Lyrically, "Sugar" is about the world's overuse and reliance on drugs and other substances, as well as the predatory state of media and news.

== Music video ==
The music video for "Sugar" shows the band playing on a stage, with an American flag intercut with images of public violence, hangings from the Holocaust, armies, footage of the Upshot-Knothole Grable nuclear test and footage from the German film Metropolis. The video was directed by Nathan Cox.

The video, along with the band's next single "Spiders", would be MTV mainstays for a long time to come, much to the surprise of the band.

== Reception ==
The song was well received by critics and fans alike.

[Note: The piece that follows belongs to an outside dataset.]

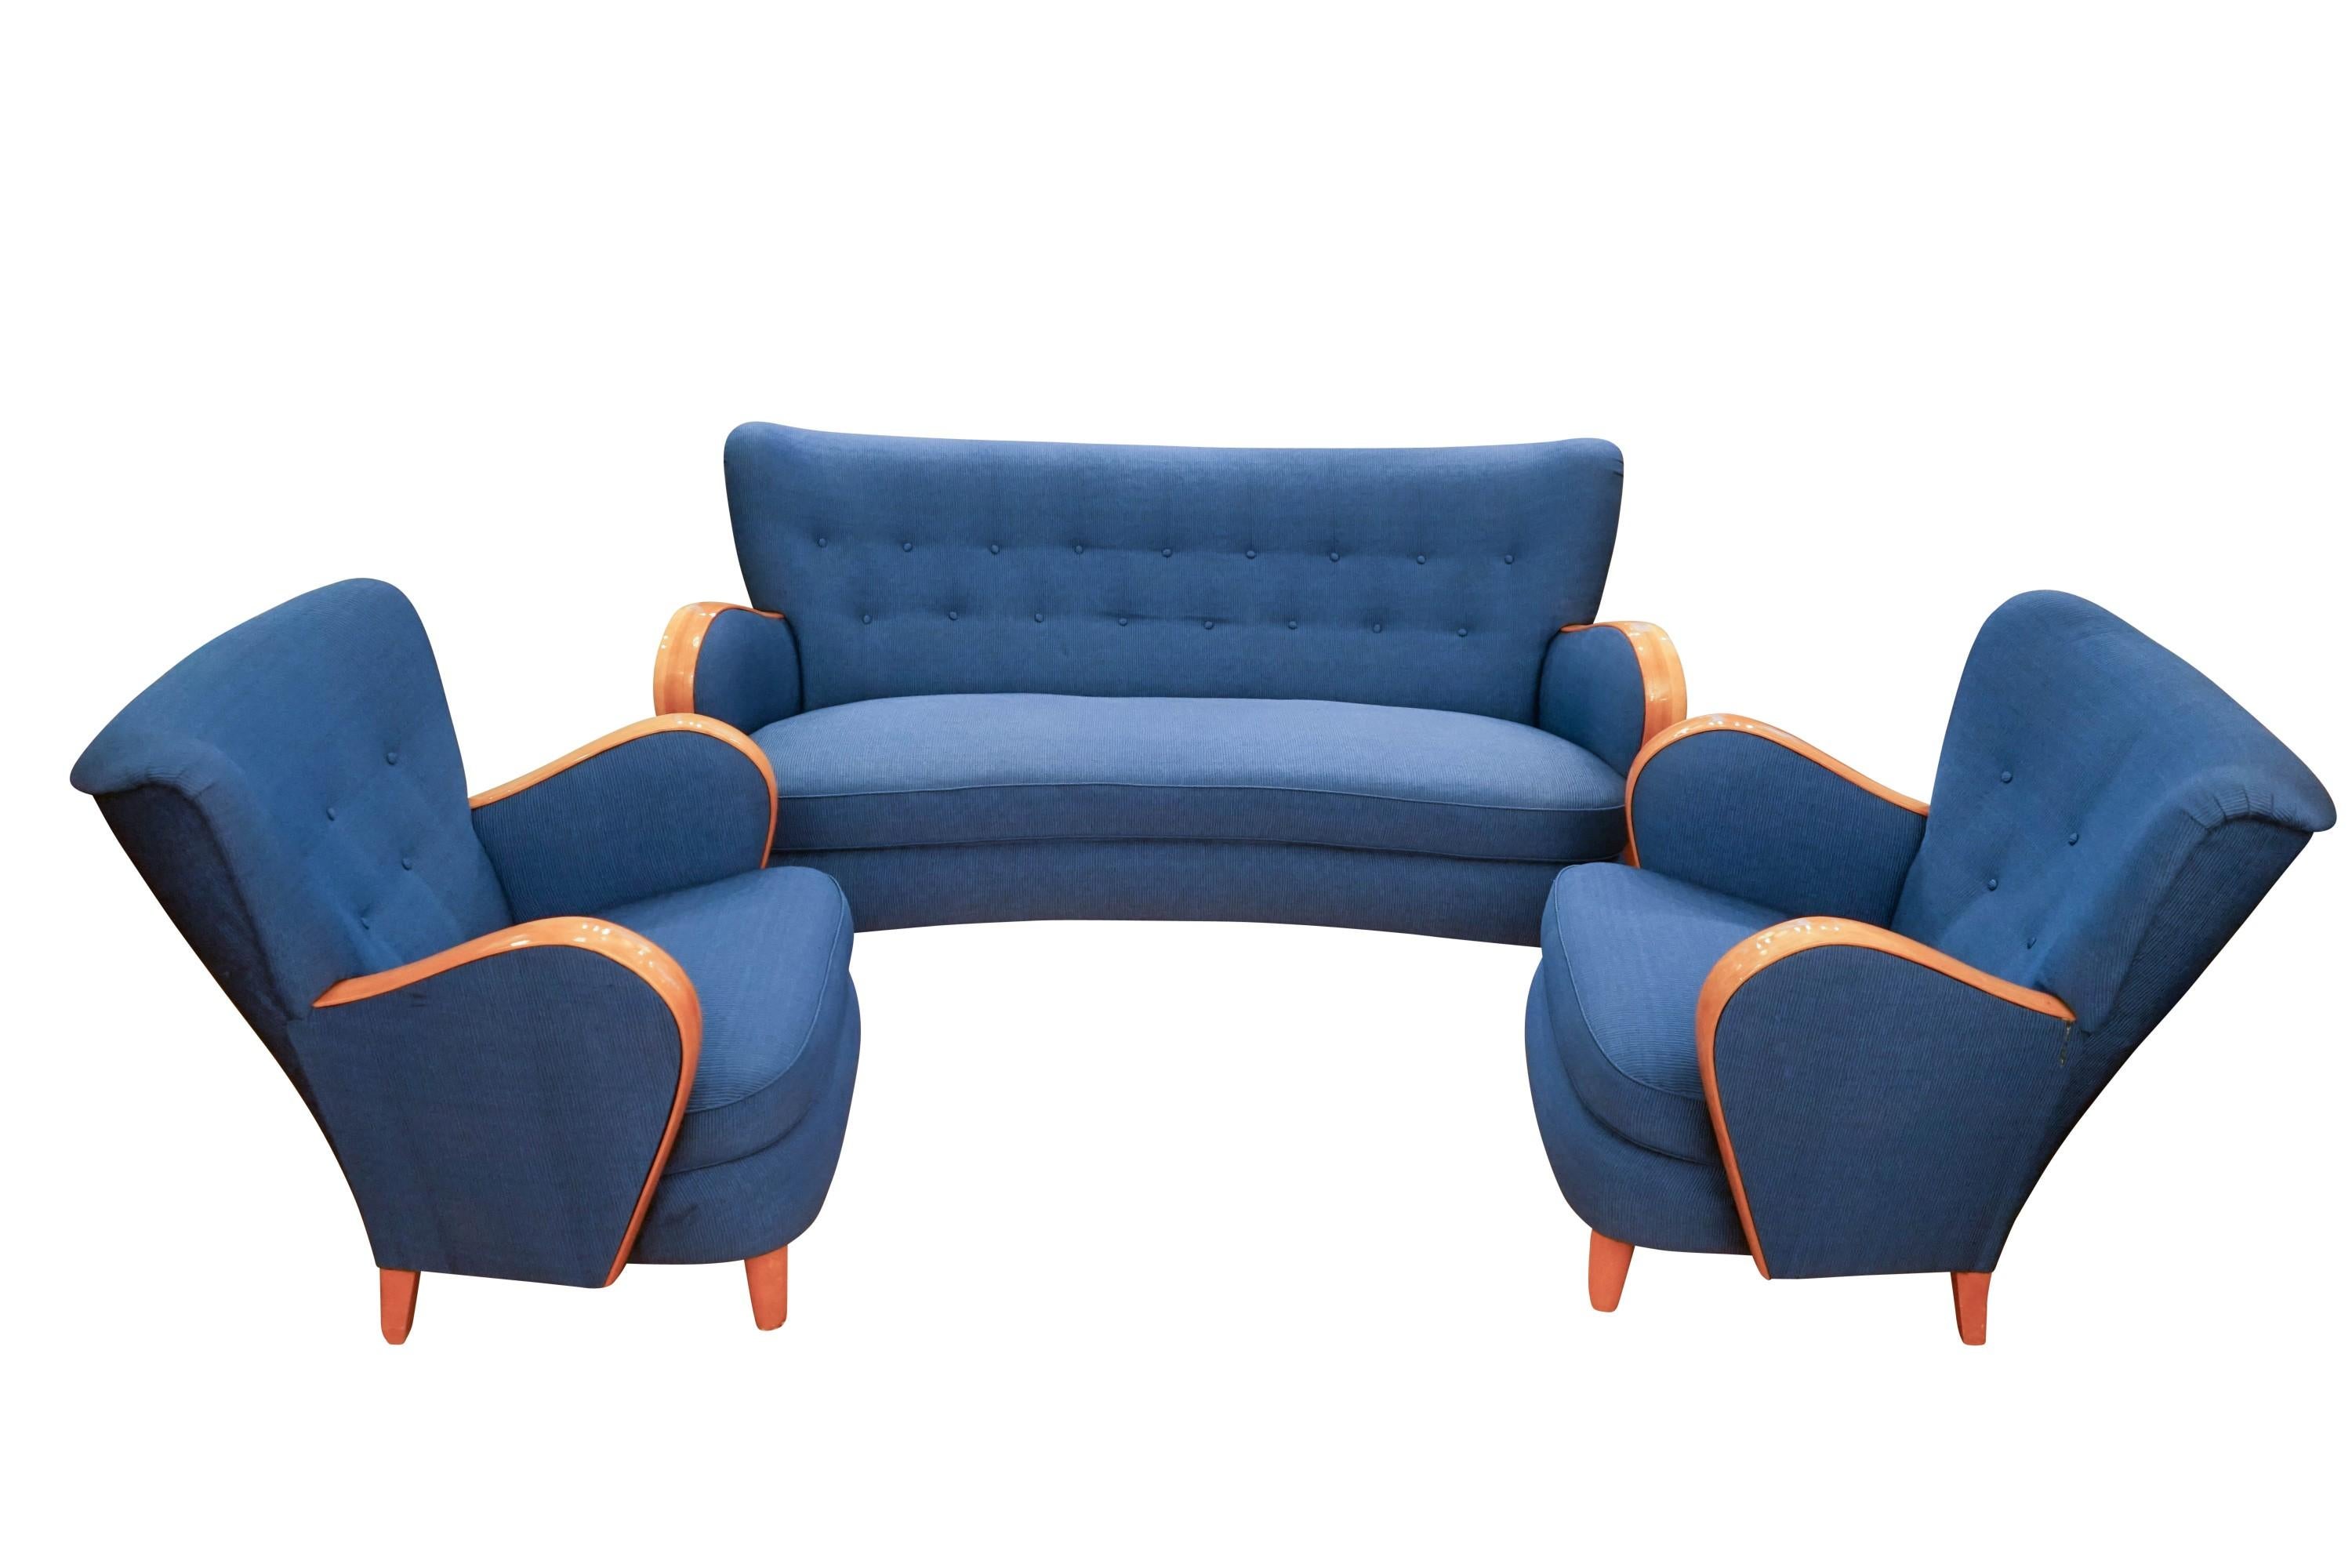 Ein geschwungenes, maßgeschneidertes Sofa mit Schaukel wird durch ein Paar passende, äußerst bequeme Sessel ergänzt. Die Bequemlichkeit ist zum Teil auf die handgefertigten Rückenlehnen der Sofas und Sessel mit strategisch platzierten flachen

It is regarded to be the best song from this album, and one of the band's best overall.

== Track listing ==

CD single
| No. | Title | Music | Length |
|---|---|---|---|
| 1. | "Sugar" | Odadjian; Daron Malakian; | 2:34 |
| 2. | "War?" (live) | Malakian | 2:49 |
| 3. | "Sugar" (live) | Odadjian; Malakian; | 2:23 |
| 4. | "Suite-Pee" (live) | Malakian | 3:04 |

7" single
| No. | Title | Music | Length |
|---|---|---|---|
| 1. | "Sugar" | Odadjian; Malakian; | 2:34 |
| 2. | "War?" (live) | Malakian | 2:48 |

Sugar E.P.
| No. | Title | Music | Length |
|---|---|---|---|
| 1. | "Sugar" (album version) | Odadjian; Malakian; | 2:34 |
| 2. | "Sugar" (clean version) | Odadjian; Malakian; | 2:34 |
| 3. | "Störagéd" | Malakian | 1:19 |
| 4. | "Sugar" (live version) | Odadjian; Malakian; | 2:27 |
| 5. | "War?" (live version) | Malakian | 2:48 |
| 6. | "Sugar" (clean live version) | Odadjian; Malakian; | 2:27 |
| 7. | "War?" (clean live version) | Malakian | 2:48 |

== Personnel ==

System of a Down
- Serj Tankian – lead vocals
- Daron Malakian – guitars, background vocals
- Shavo Odadjian – bass
- John Dolmayan – drums

Production
- Produced by Rick Rubin with System of a Down
- Mixed by D. Sardy
- Engineered by Sylvia Massy
- Engineer/assistant engineer: Greg Fidelman
- Additional recording/finishing Touches: D. Sardy
- Assistant engineers: Sam Storey, Nick Raskulinecz
- Assistant mixdown engineers: James Saez, Greg Gordon, Andy Haller
- Second assistant mixdown engineer: Bryan Davis
- Recorded at Sound City, Van Nuys, California
- Vocals and additional recordings at Akademie Mathematique of Philosophical Sound Research, Hollywood, California
- Mixed at Record Plant Studios, Hollywood, California & Hollywood Sound, California
- Mastered by Vlado Meller at Sony Studios, New York City
- Live Tracks Produced by D. Sardy
- Live Tracks Mixed by D. Sardy
- Live Tracks Engineered by Doug Henderson
- Live Tracks Recorded at Irving Plaza, New York City, New York

== Charts ==

| Chart (1998–99) | Peak position |
|---|---|
| UK Singles (OCC) | 136 |
| US Alternative Airplay (Billboard) | 31 |
| US Mainstream Rock (Billboard) | 28 |

== Certifications ==

Certifications for "Sugar"
| Region | Certification | Certified units/sales |
| New Zealand (RMNZ) | Gold | 15,000^{‡} |
| United Kingdom (BPI) | Silver | 200,000^{‡} |
| United States (RIAA) | Platinum | 1,000,000^{‡} |
^{‡} Sales+streaming figures based on certification alone.